Hohokam fabricated homes from sticks and clay. It is estimated the over 5,000 homes during their period of existence.
Findings of artifacts and remenants of their homes provides evidence that a major Hohokam community existed in the Dove Mountain area. For a more complete history of the Hohokam go to:
http://www.cavecreekmuseum.org/hohokam_of_the_southwest.htm
For some unexplainable reason, here is a gap in the history of the Tucson Basin from 1500 A.D to the mid 1700’s. This is when the first Spanish visitors found an Akimel O'odham village, at the base of Sentinel Peak - the hill with the large "A" now painted on it (also known as "A" Mountain). Spaniards adopted the name as "Tucson" when laying out the Presidio of San Agustin del Tucson in 1775.
Tucson joined the United States with the Gadsden Purchase in June 1854, but 21 months of boundary-marking and bureaucratic delays passed before the arrival of American officialdom in the form of the army's First Dragoons.
By 1880, when the first train rolled in, the population had grown to over 7,000. The Arizona Territorial University – now the University of Arizona - opened its doors in 1891. Built on land donated by a saloonkeeper and a pair of gamblers and funded by an award from the 13th Territorial Legislature of $25,000-.
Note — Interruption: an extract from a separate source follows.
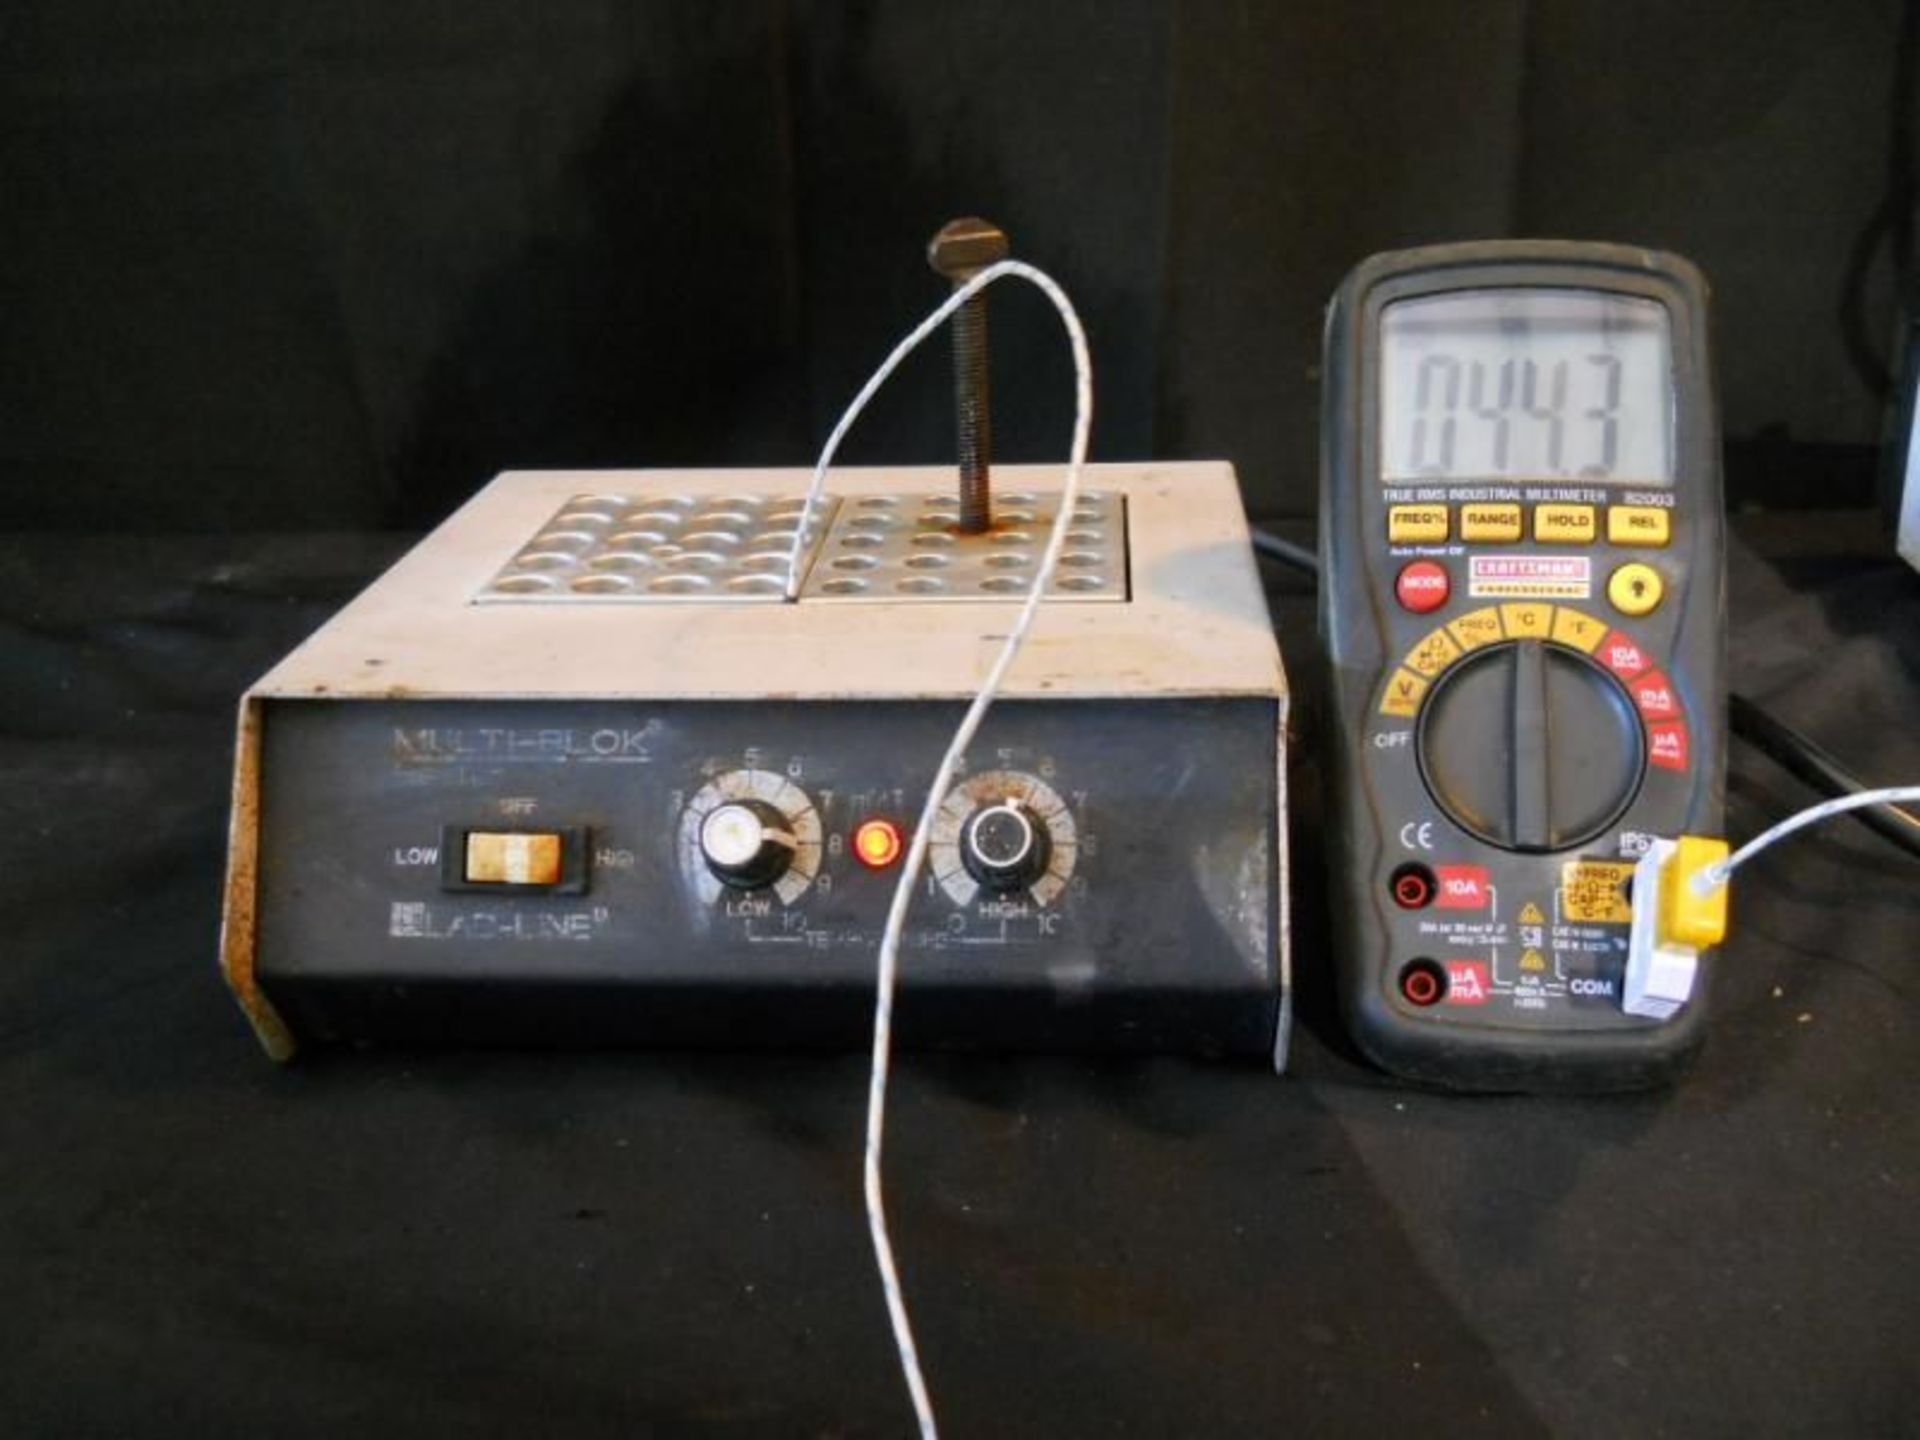 Lab-Line Instruments Multi-Blok (Block) Heater Model 2052, Qty 1, 330960122843

The scrubby cactus land north of Tucson that butts against the Tortolita Mountains – now known as Dove Mountain - used to be populated mostly by cows and a few ranch hands.
The T Bench Bar was one of those ranches. It was purchased by Eugene "Cush" Cayton in the late 1920’s. “Cush” built a stone house atop one of the smallest peaks so that he and his wife Inez, could watch the red desert sunsets. Inez was a concert pianist, and Cush had a grand piano hauled up that rocky slope so his wife could play in the evenings. Most days, just before sunset, the ranch hands would wander in from their dusty day's labor to put up their horses and listen to Mozart and Brahms wafting down from Inez' piano. The Cayton family maintained the ranch until the mid 1980’s.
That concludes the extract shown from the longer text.